But if the state of Oregon doesn’t have a broad-overview showcase of the visual arts any more, or even the more narrowly focused showcase that the Biennial became before it quivered and died, the Pacific Northwest does. Today the Tacoma Art Museum announced the featured artists for its ninth annual Northwest Biennial, and followers of the Portland art scene will recognize a lot of the talent.

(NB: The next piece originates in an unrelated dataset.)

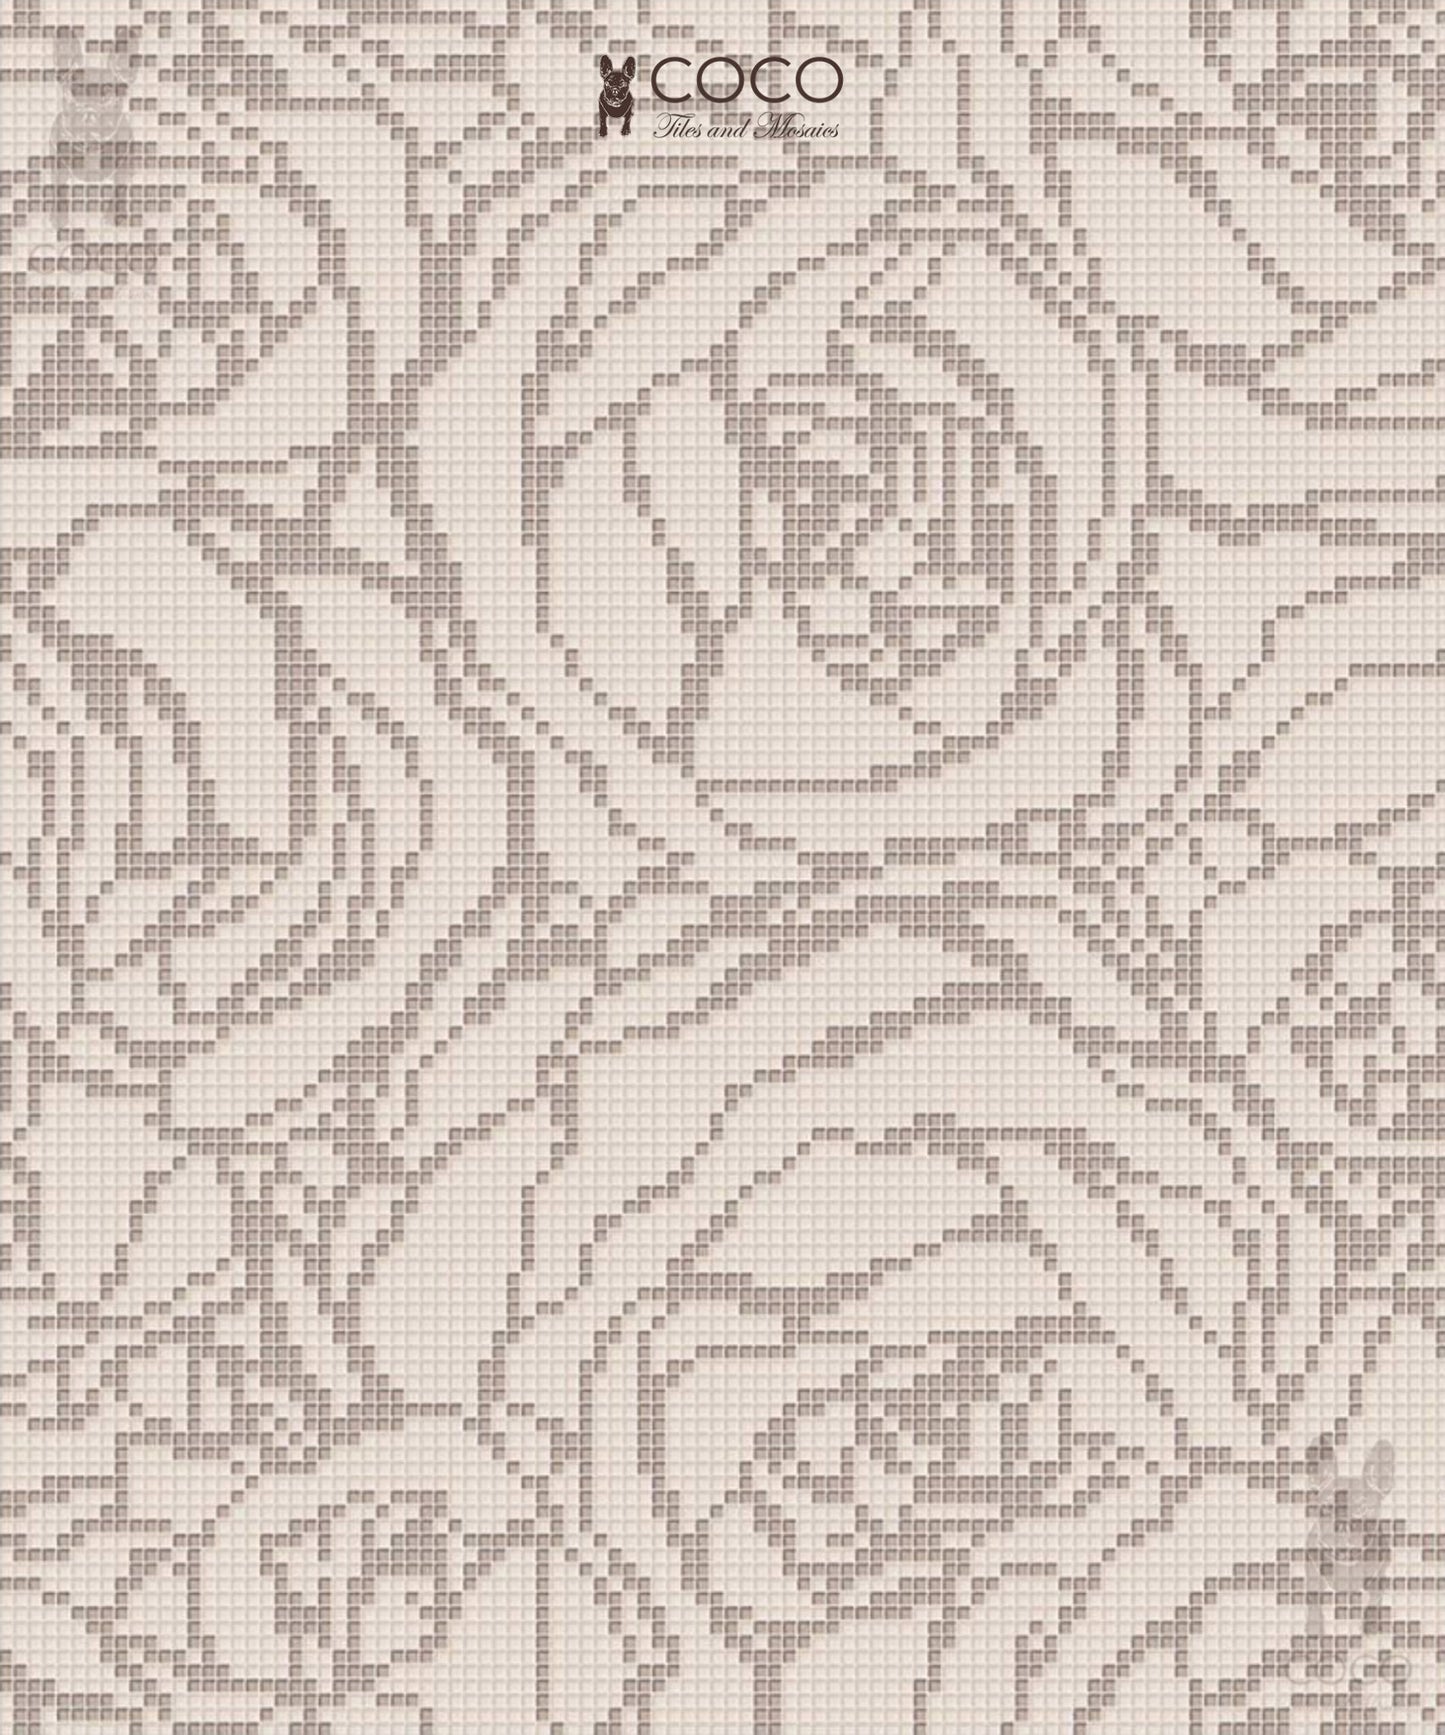 Artistic Mosaic - Wall of Flower - Elegance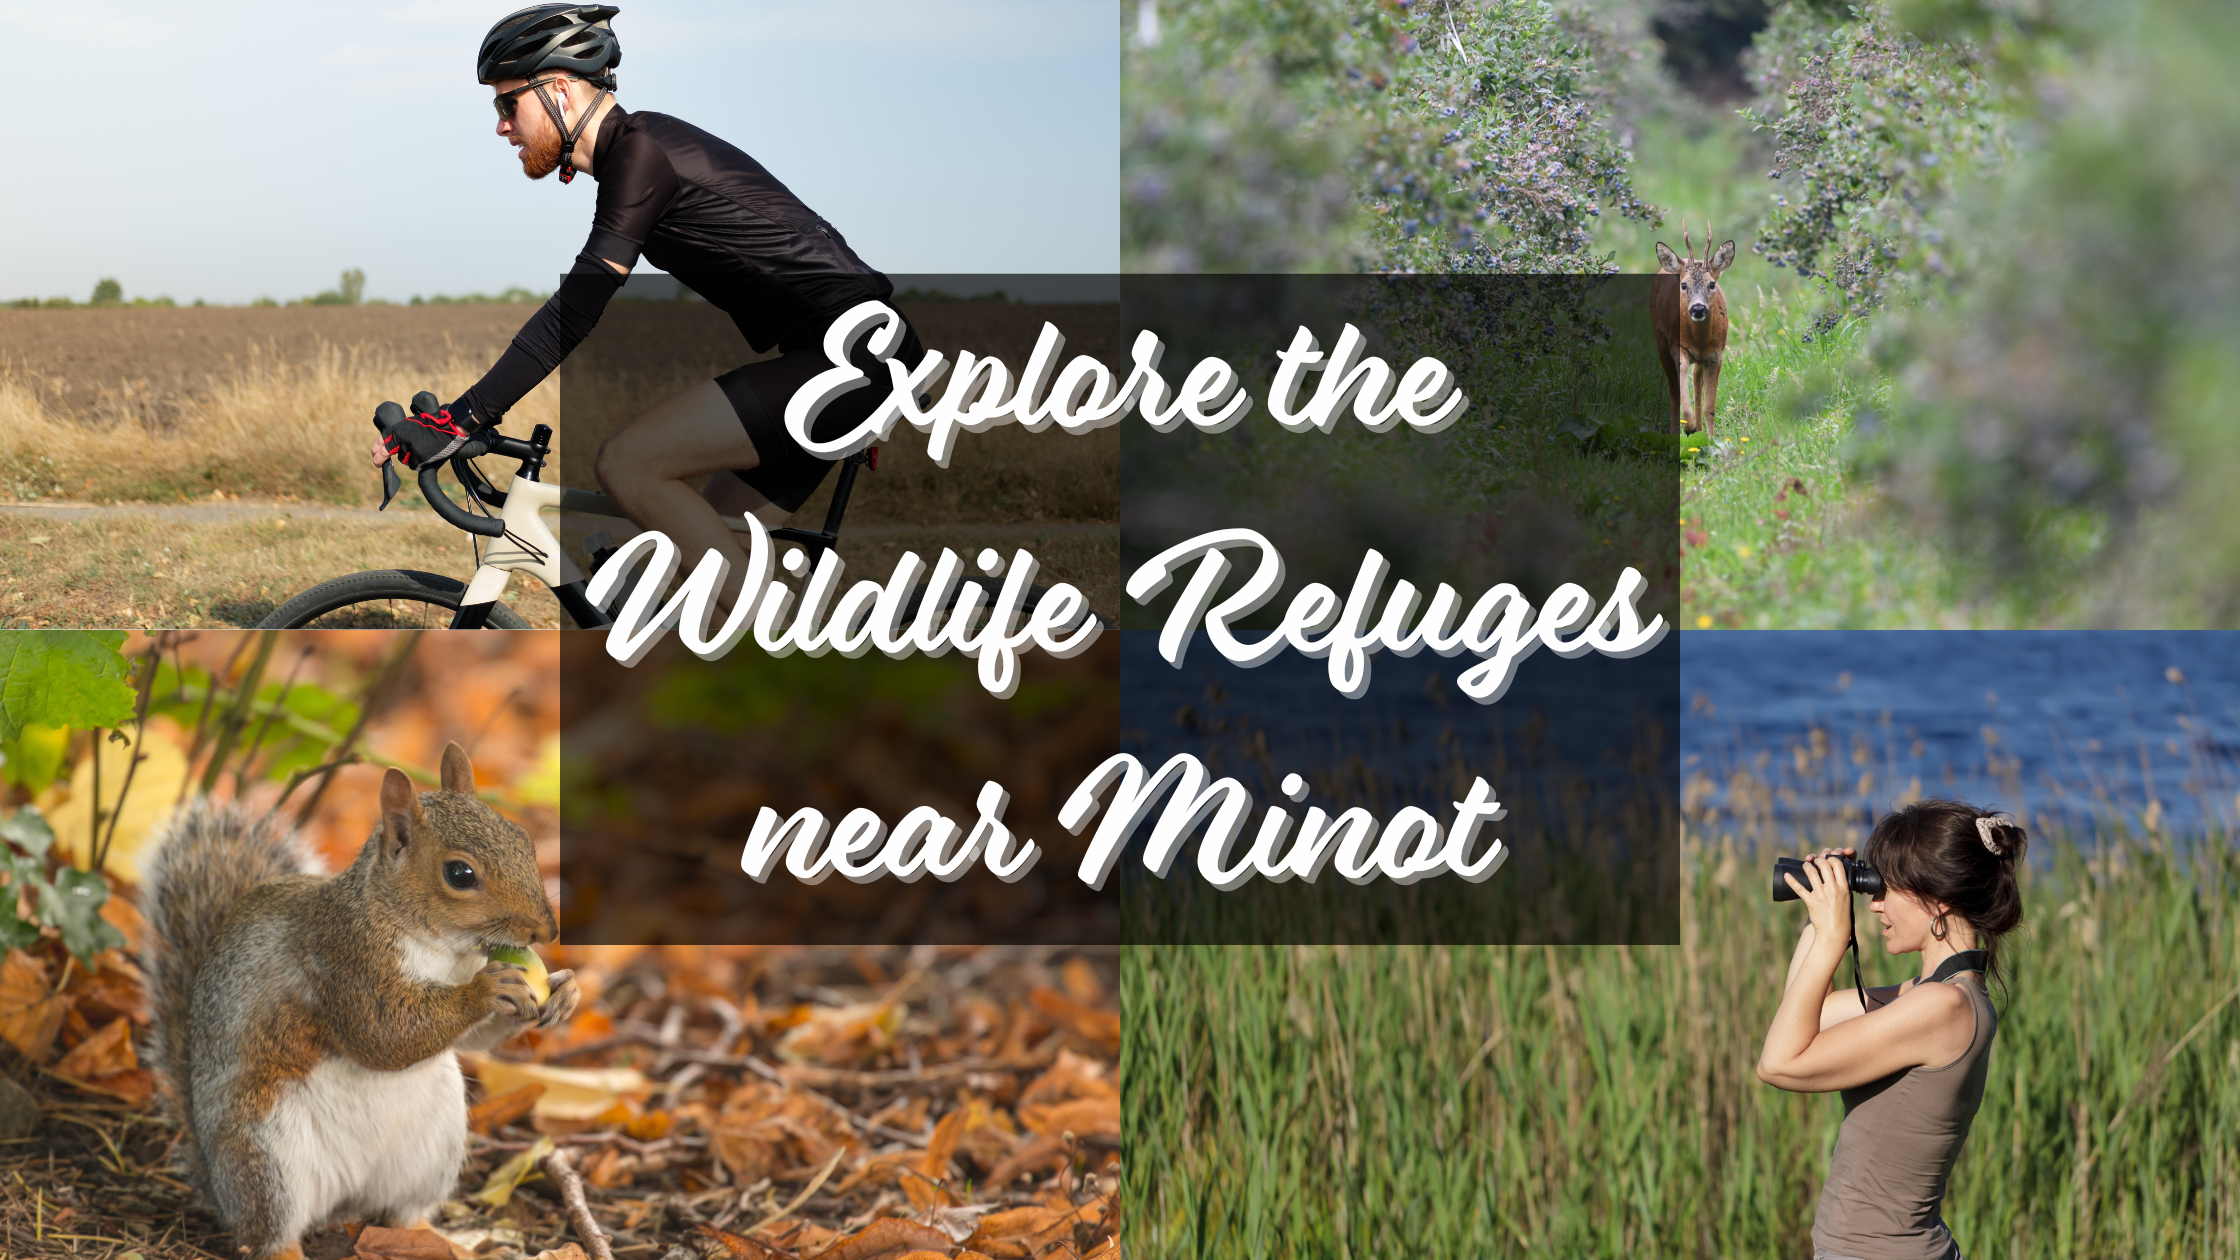 Explore Wildlife Refuges near minot

Michael Brophy (that’s his highway scene above), Linda Hutchins, Victor Maldonado, Stephanie Robison and Susan Seubert all made the cut of 24 (from 543 entries), as did Tannaz Farsi and Chang-Ae Song of Eugene. All of the others are from Washington state, mostly Seattle: Rick Araluce, Gala Bent, Jack Daws, Eric Elliott, Sarah Hood, Denzil Hurley, Robert Jones, Michael Kenna, Doug Keyes, Isaac Layman, Zhi Lin, Micki Lippe, Margie Livingston, Deborah Moore, Susan Robb, Ross Sawyers, Scott Trimble. No one from Idaho or Montana was chosen.

The picks were made by Tacoma museum curator Rock Hushka and Alison de Lima Greene, contemporary curator for the Museum of Fine Arts, Houston. You can zip up the freeway and see the show between Jan. 31 and May 25.